От выстрела разлетелось узкое окно. Осколки стекол посыпались на Анастасию.

— Уйди, говорю! — заорал Саша. — Спрячься наверху за мешками!

Анастасия, словно не слыша его, протянула заряженный пистолет Алеше и начала набивать порохом следующий.

Алеша пристроился у окошка, выложив перед собой пистолеты.

Брильи выглядывал из-за угла сарая.

Несколько человек вырвали опорное бревно из ворот и колотили им в дверь.

Алеша на мгновение высунулся из окна и выстрелил в группу у двери.

Снаружи раздался истошный вопль. Едва он успел прижаться к стене, как пуля Жака впилась в балку над его головой и раскрошила ее в щепки.

Жак подтащил к мельнице охапку соломы.

— Господин, — обратился он к Брильи, — обложим мельницу соломой и выкурим их…

— Идиот! — Брильи выхватил из его рук охапку соломы и швырнул на землю. — Я бы сам спалил их не раздумывая, но там — женщины!

Жак мрачно уставился на хозяина:

— Шевалье, Анастасия приносит нам несчастье.

Бандиты, держа бревно, разбежались и грохнули им в дверь.

Анастасия с ужасом смотрела на дверь.
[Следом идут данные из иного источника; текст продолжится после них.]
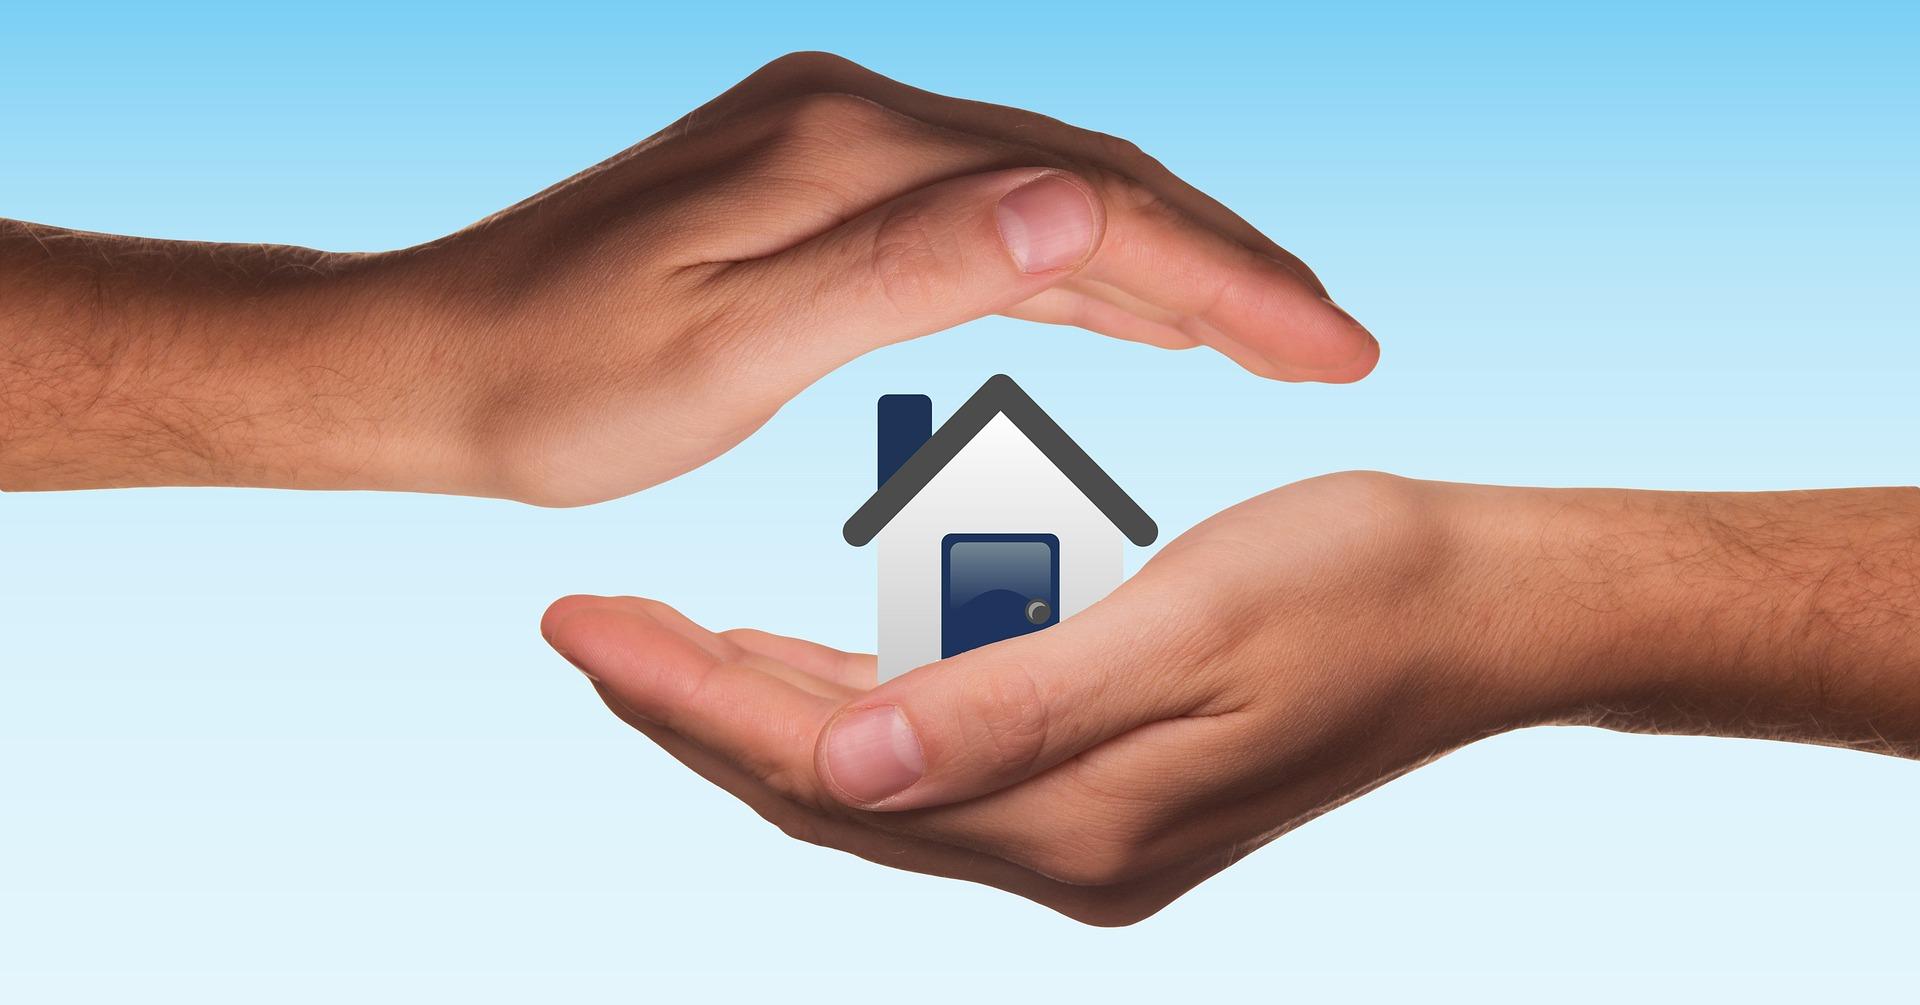 Assurance stockage à domicile

Дверь трещала под ударами бревна, петли разболтались, засов дрожал. Щель в притолоке с каждым ударом расширялась.

Алеша с Сашей подтаскивали к входу мешки с зерном.

В окно влетел подожженный жгут соломы. Чадя и разбрасывая искры, он упал на пол. Анастасия затоптала его ногами.

Дверь под ударами хрястнула, и в образовавшейся дыре показались яростные, орущие лица.

Саша выхватил шпагу и ткнул в дыру наугад. В ответ раздались проклятия, вой и стоны.

Перепуганный мельник спрятался в своей каморке. Он выбил табуретом стекло и, протиснувшись в узенькое оконце, вылез во двор.

Вопя и показывая всем, что он безоружен, мельник хотел укрыться в сарае, но наткнулся на Жака и Брильи. Вытаращив от ужаса глаза, он орал и бессмысленно размахивал руками.

Жак схватил его за грудки и крепко встряхнул. Мельник тут же умолк и осмысленно огляделся.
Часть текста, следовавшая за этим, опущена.